Consider $\mathbf{List(A)} = \mu{}F_{L}$, where $F_{L}(X) = 1 + A \times X$ for some set $A$. Let $\alpha = \langle i , \mathbf{cons} \rangle$ with $i : 1 \rightarrow X$, $\mathbf{cons}: A \times X \rightarrow X$. Let $\epsilon = i(*)$ and $x, y, z, \dots \in A$, and $xs, ys, zs, \dots \in \mathbf{List(A)}$. We also write $x$ as $\mathbf{cons}(x, \epsilon)$. We could find that $\alpha$ is a initial $F$-algebra.

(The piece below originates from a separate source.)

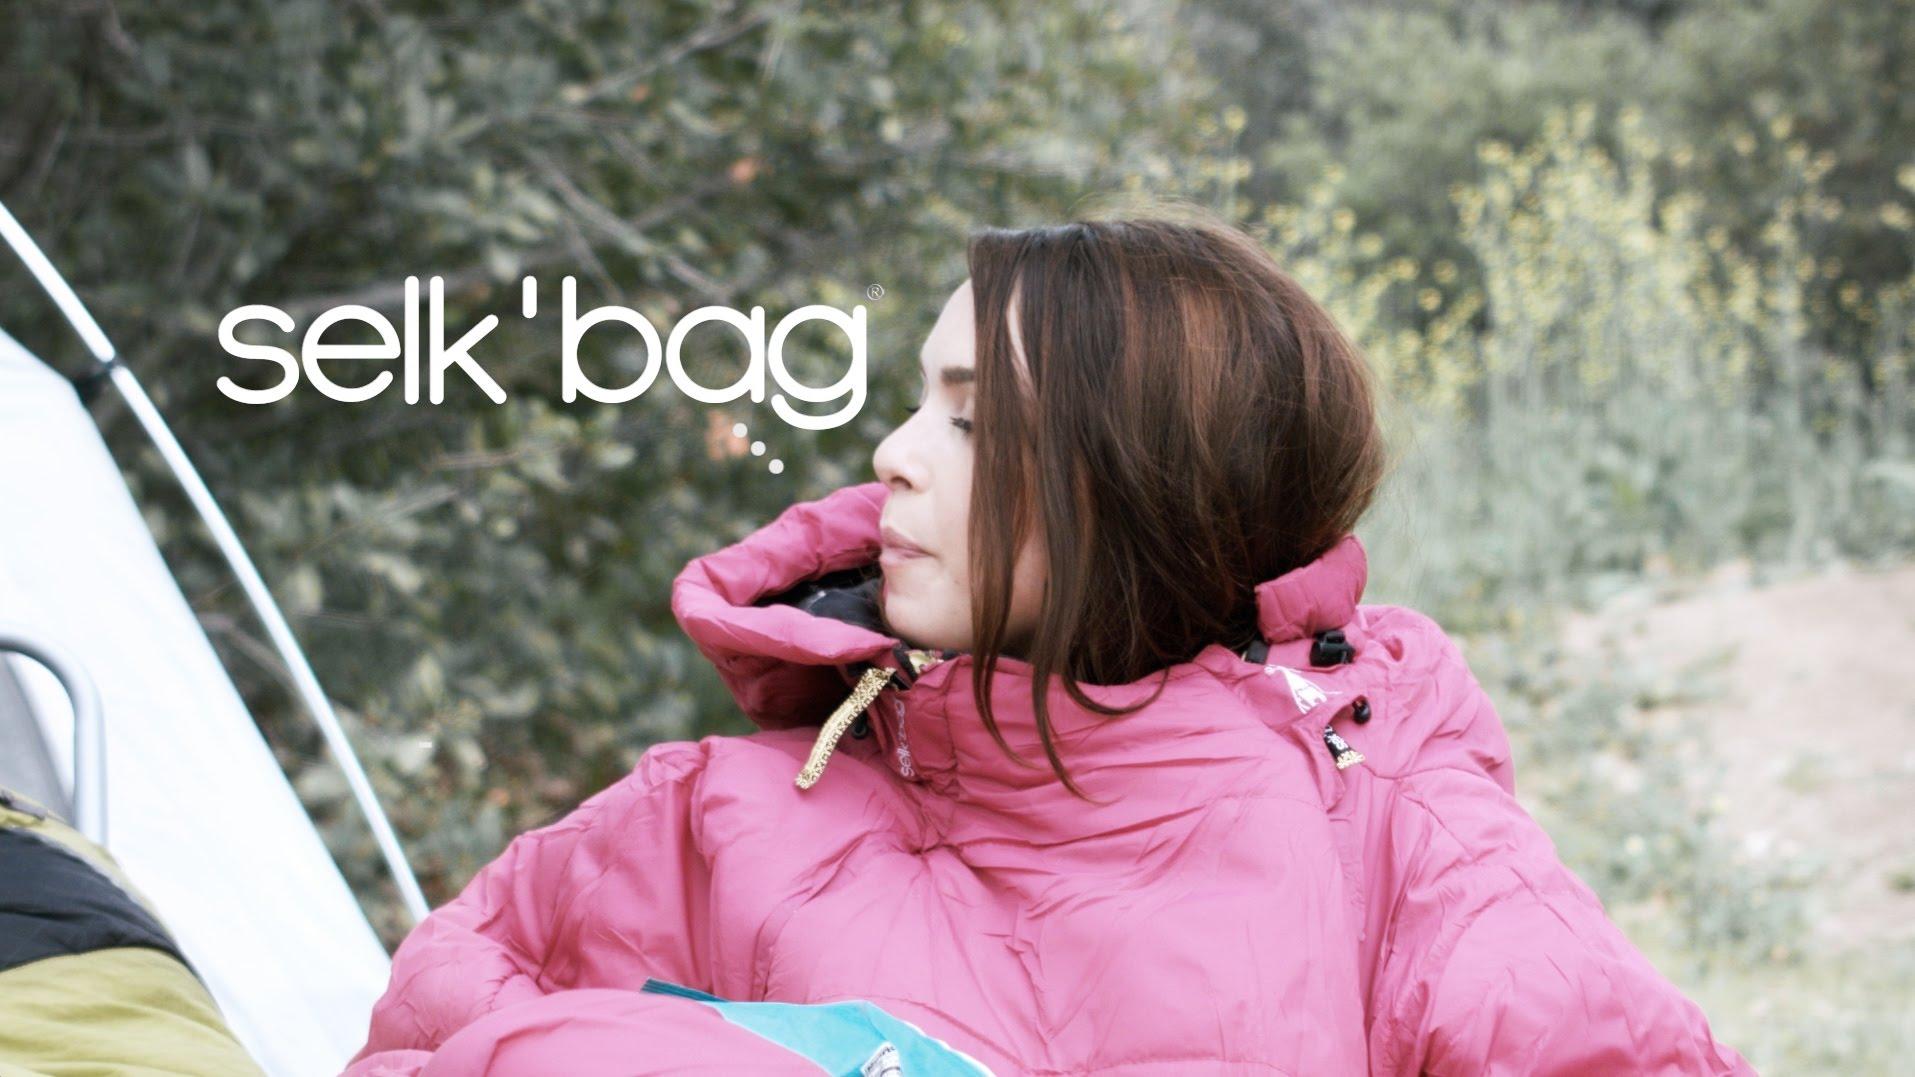 「寒冬必備!一起變身神客睡袋人」- Selk'bag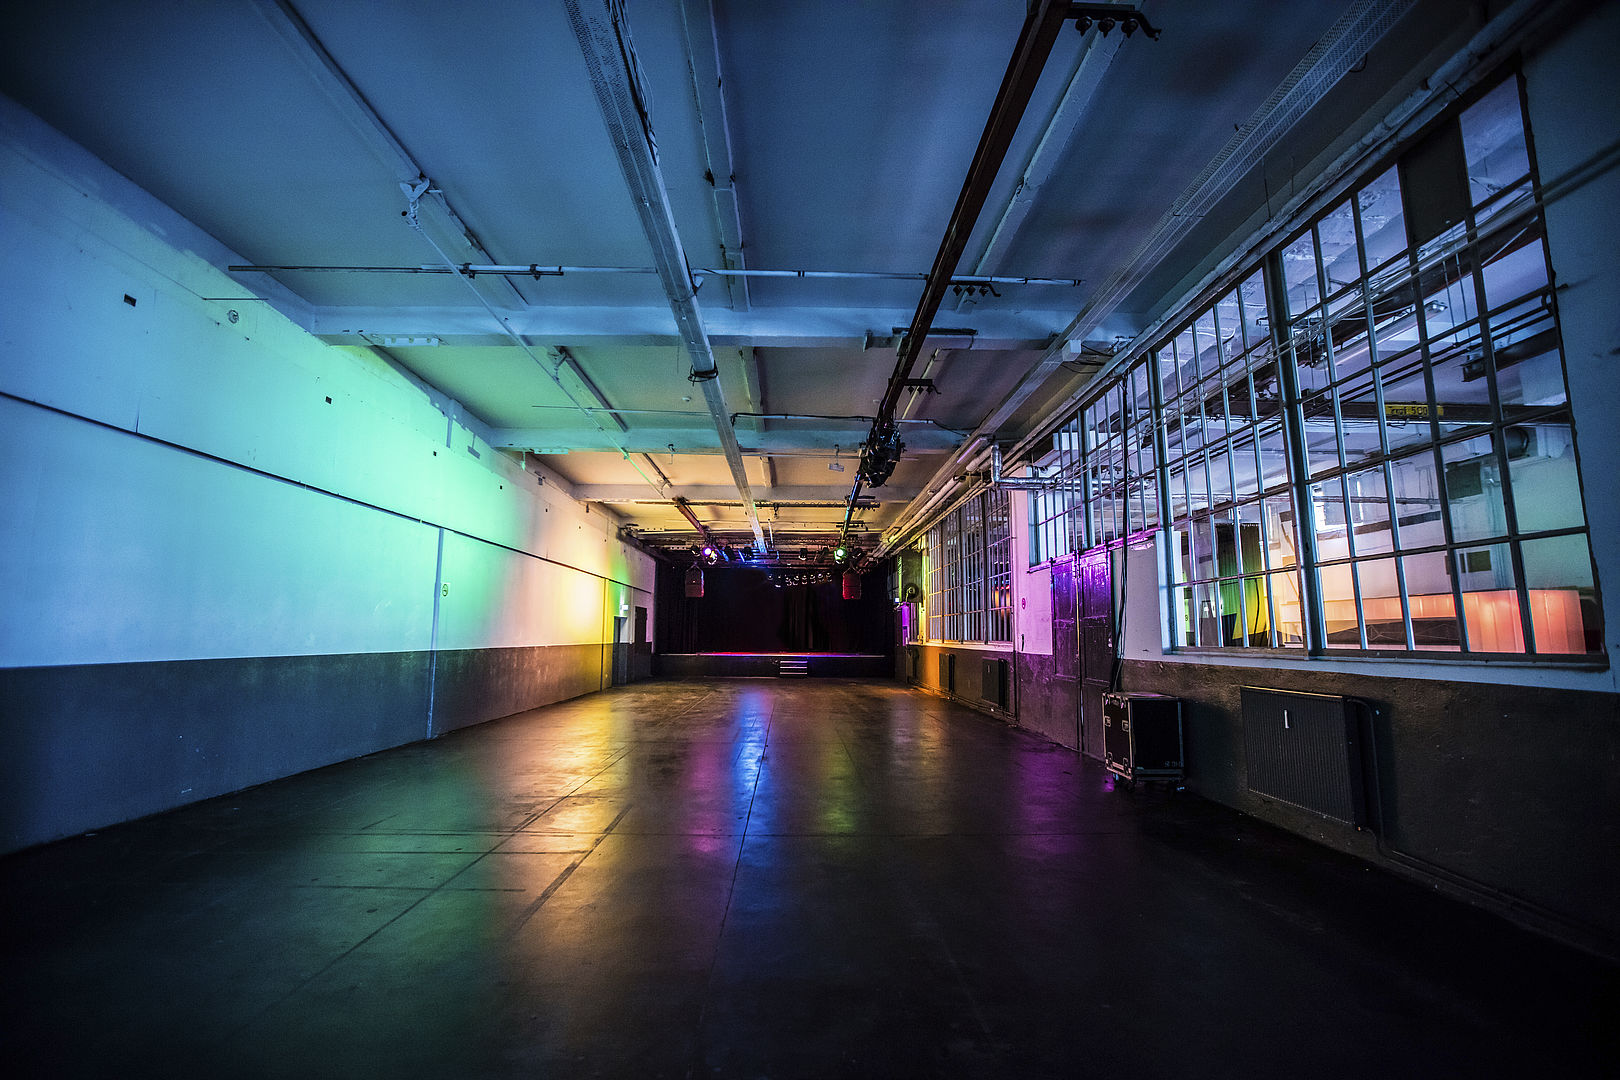 Arena Glashaus Veranstaltung Fiylo

Define “plus” with respect to $\mathbb{N}$ on $\mathbf{List(A)} \times \mathbf{List(A)}$ as follows,

• $\mathbf{concat}(\epsilon , ys) = ys$
• $\mathbf{concat}(\mathbf{cons}(x, xs) , ys) = \mathbf{cons}(x, \mathbf{concat}(xs, ys)){]}$

where $xs, ys \in \mathbf{List(A)}$ and $x \in A$. We will abuse the notation $+$ instead of $\mathbf{concat}$ and use $::$ as $\mathbf{cons}$. Acturally, $(\mathbf{List(A)}, + , \epsilon)$ is a monoid. Though, it’s not commutative, and we can’t apply the construction of Grothendieck group.

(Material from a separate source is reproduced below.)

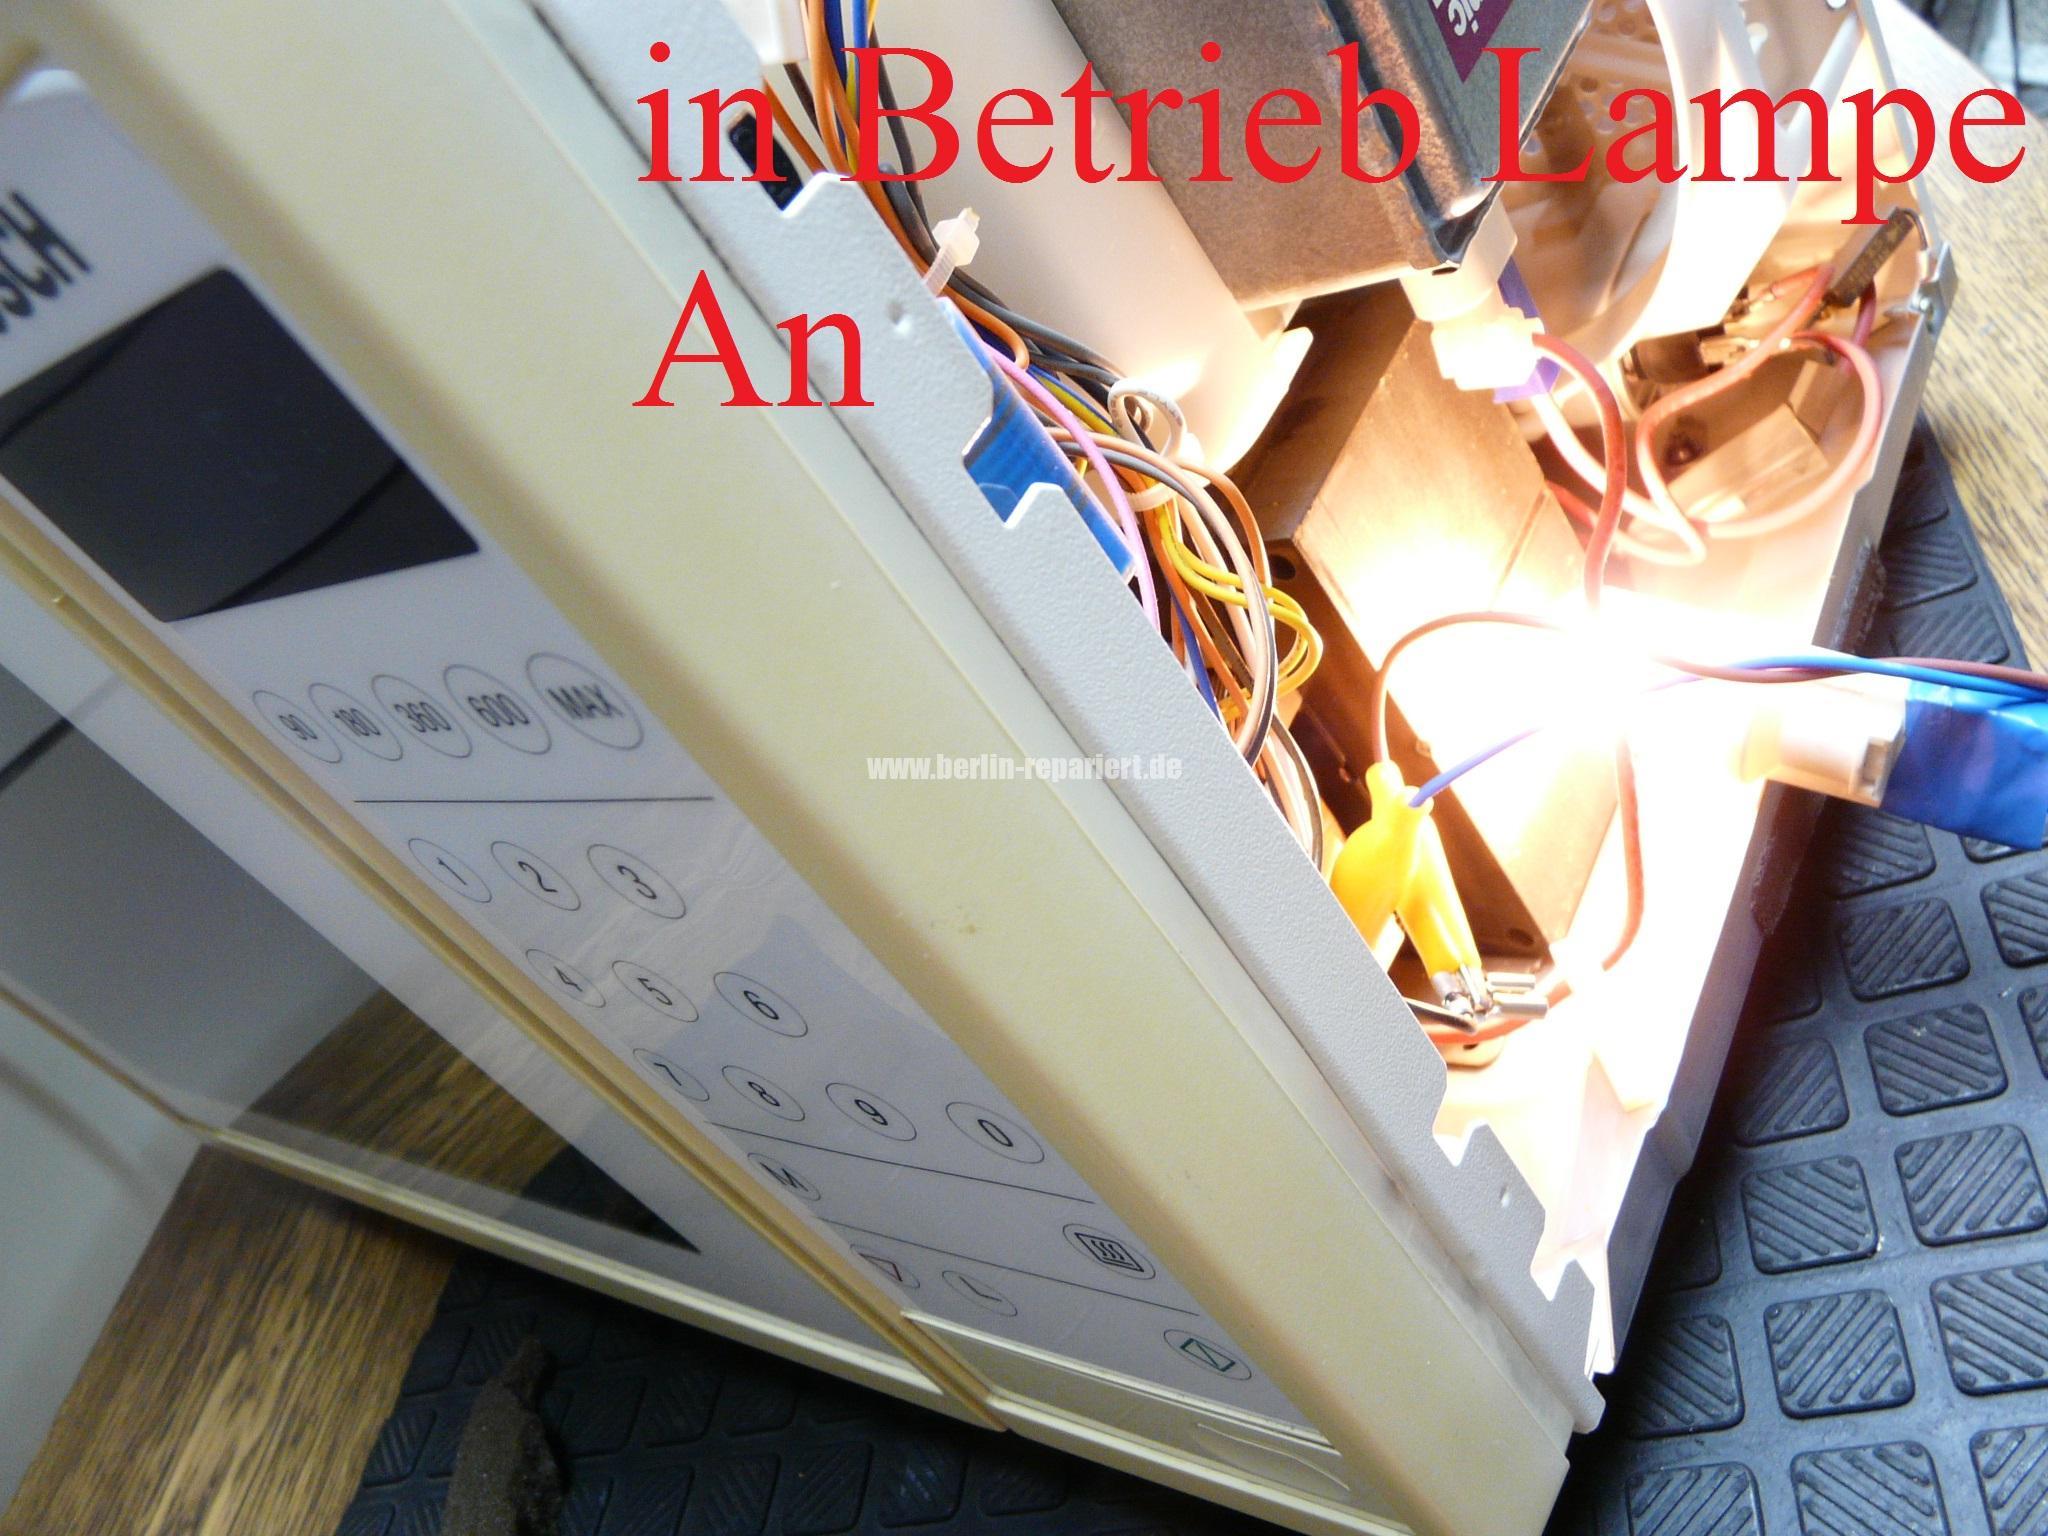 mikrowelle bosch hmt752e kein licht und erw rmt kaum noch leon s blog. Black Bedroom Furniture Sets. Home Design Ideas

We could define an inverse element to extend the $\mathbf{List(A)}$. Let $xs \in \mathbf{List(A)}$, we define $xs^{r}$ as its reverse list which could be defined in functional programming like Haskell as foldl (flip (:)) []$\mathbf{last}(xs)$ as the last element of xs, $\mathbf{head}(xs)$ as the initial element of xs, $\mathbf{init}(xs)$ as the list without the initial element of xs, $\mathbf{final}$ as the list without the last element.

Finally, define elements on $\mathbf{List(A)}$ with one more field, that is, $( s , x)$ where $s = +, -$ and $x \in \mathbf{List(A)}$. We could extend the “plus” as

• $xs + ys = \mathbf{last}(xs) + \mathbf{init}(ys)$ if $\mathbf{last}(xs) = -\mathbf{head}(ys)$,
• $xs + ys = xs + ys$ otherwise. the later “plus” ignores the sign field.

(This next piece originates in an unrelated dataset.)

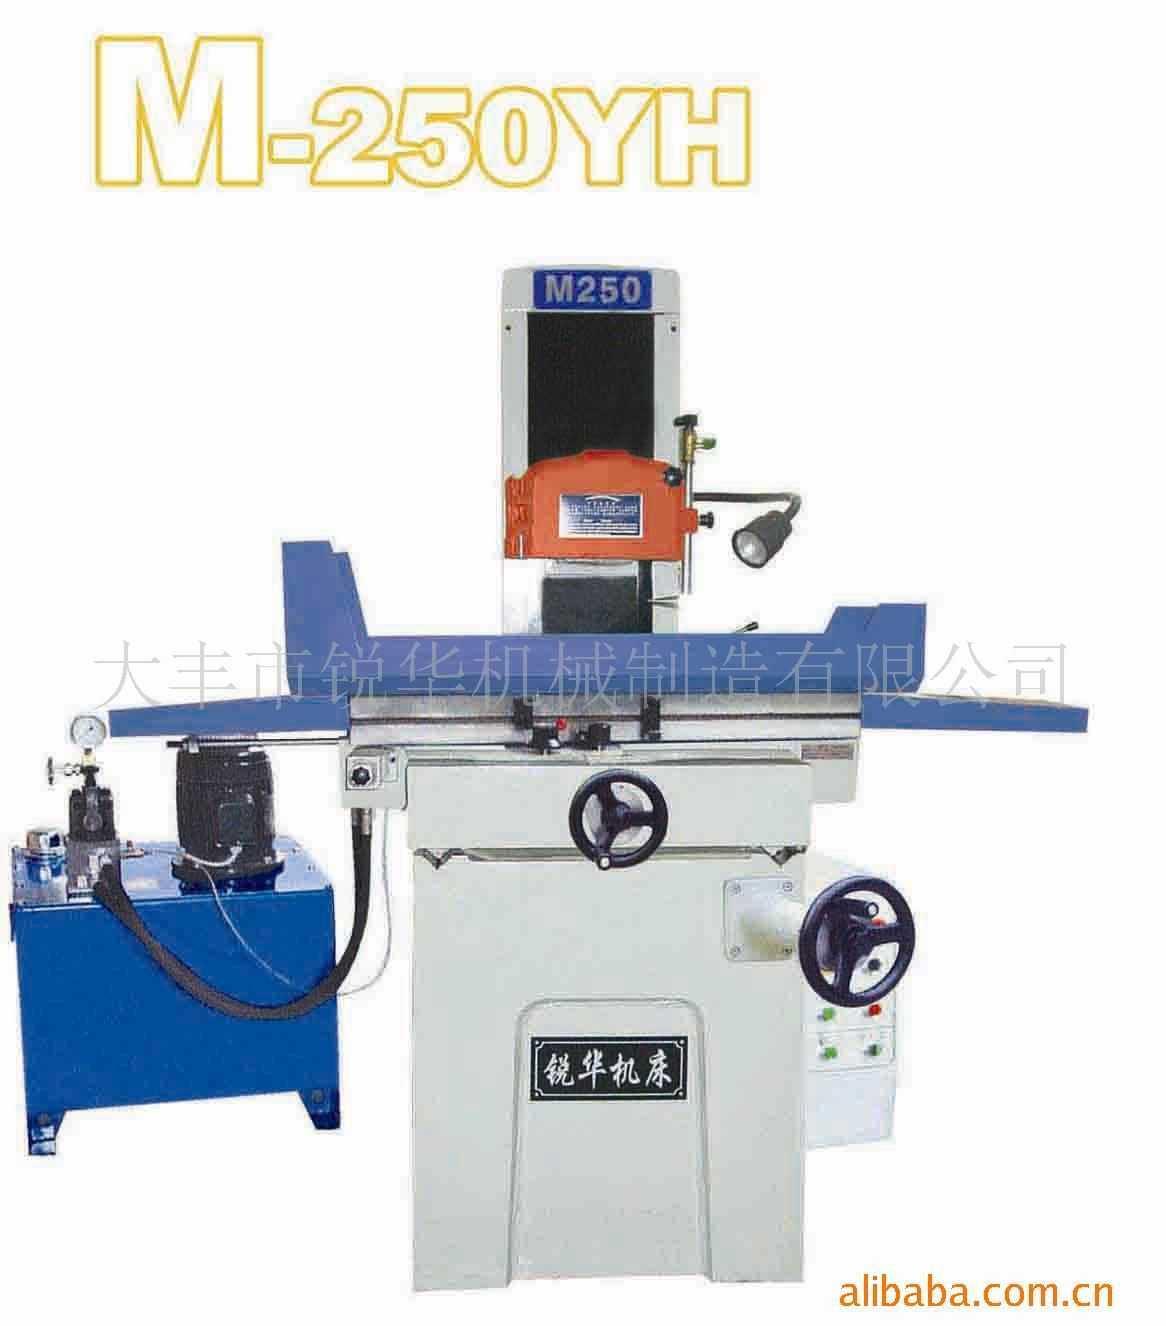 平面磨床/M250YH锐华液压平面磨床

However, we could show that every element $xs$ in $\mathbf{List'(A)}$ has an inverse element $- xs^{r}$ and this new type is a free group generated by elements of $\mathbf{A}$. Thus, $\mathbb{N}$ is $\mathbf{List(\top)}$, and $\mathbb{Z}$ is $\mathbf{List'(\top)}$ where $\top$ is a unit type has only one element. Note that for $xs \in \mathbf{List(\top)}$, there is no difference with $xs^{r}$.

Is there any differences between $\mathbf{List'(\top)}$ and $\mathbb{Z}$ constructed by Grothendieck group ?